Thoughts and musings. Screaming into the abyss. Notes from an artist, fully grown goth chick, hopeless romantic, making it up as I go along.
Tuesday, January 1, 2019
New Year's Day
2018 sucked, no doubt about it. I’m in a very dark place, and I have no idea how to get out. One of the biggest mental problems I’m having makes me feel beyond selfish. One of my oldest friends is dying, which makes all my suicidal ideation feel even worse. He is amazing and revered, and so very loved, in big loud ways. He’s a giant in body and spirit. He’s handling death far more gracefully than I’m handling life.

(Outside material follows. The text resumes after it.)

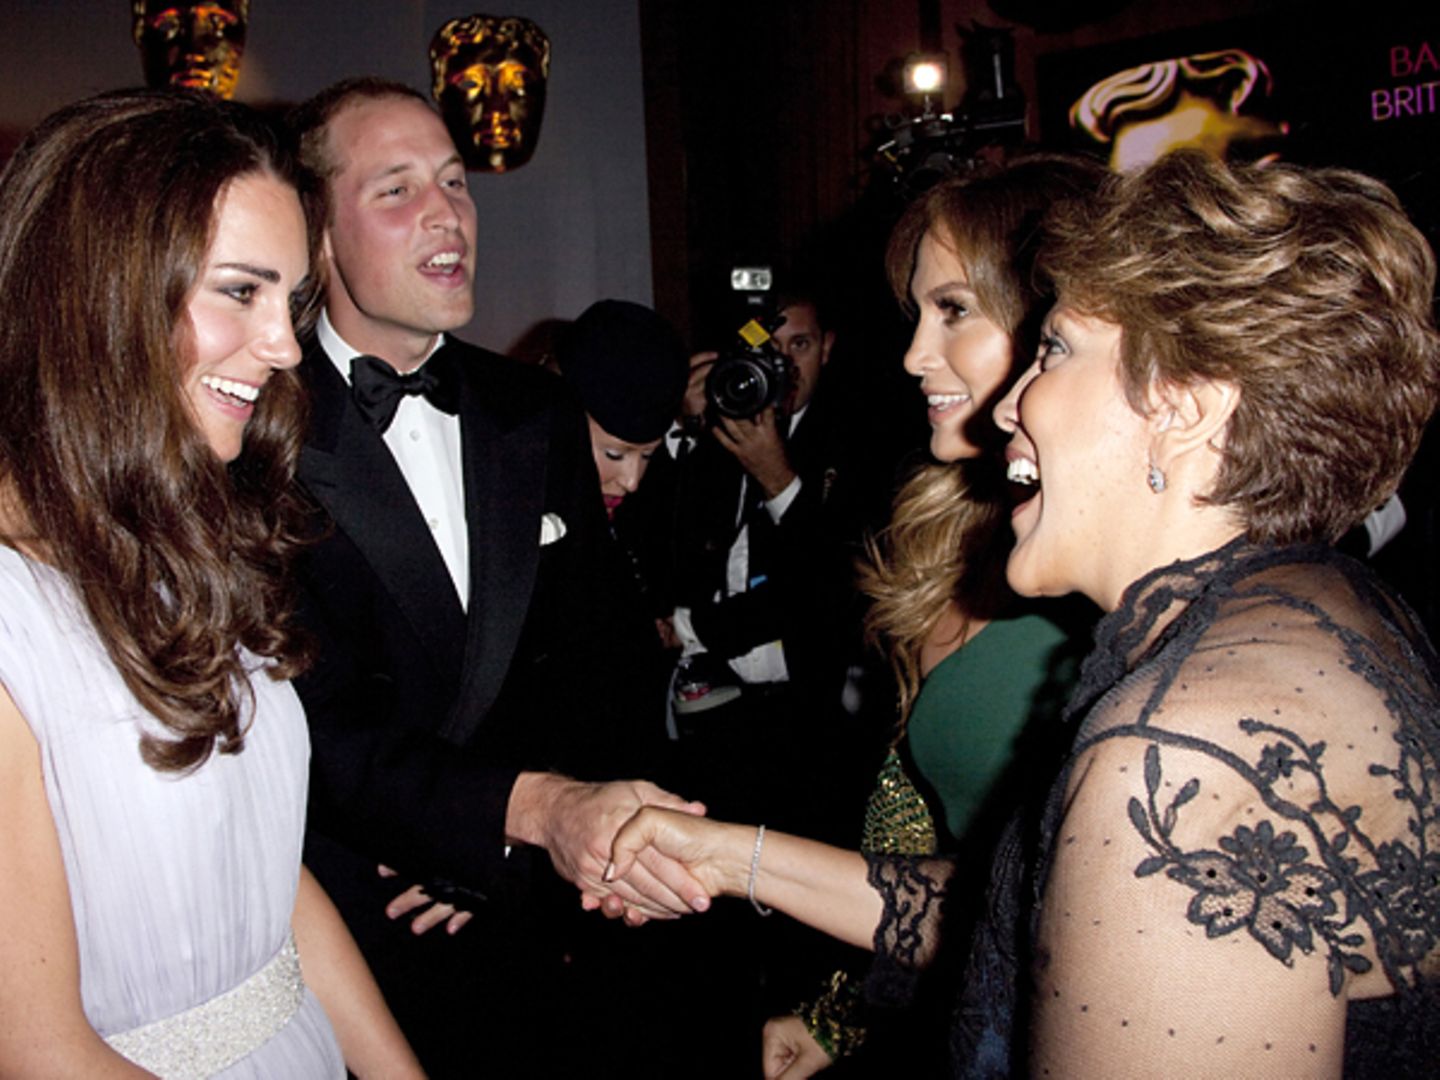 Staatsbesuch William und Kate: Bei der Veranstaltung treffen Kate un William auf viel Prominenz wie Jennifer Lopez mit ihrer Mut

I am having a stupidly hard time with the fact that I’m about to turn 45. My heart is still broken. That man took all of my ability to believe that I’m worth, well, any kind of relationship. Which is complicated by the fact that I have a crush. Or two. One is easy. It’s physical and involves a friend, who knows quite well. One of the biggest, shiny, bright spots of my year, was a completely unexpected, vigorous and thorough kiss. We were friends before. Friends we will remain. They’ve done a lot for my self-esteem, just for the fact that before that kiss, they are pretty much the shiniest thing in any room, to me, a smile like a son.
The other is far more complicated but still seems to be happening. It would be a completely different thing if it were even possible. I wouldn’t even know how to approach it. Or if I should. Or if I’m prepared for the rejection. Or if I’m prepared for not being rejected. Not right now, I guess, anyway. Right now I'm just a wee spot completely out of control.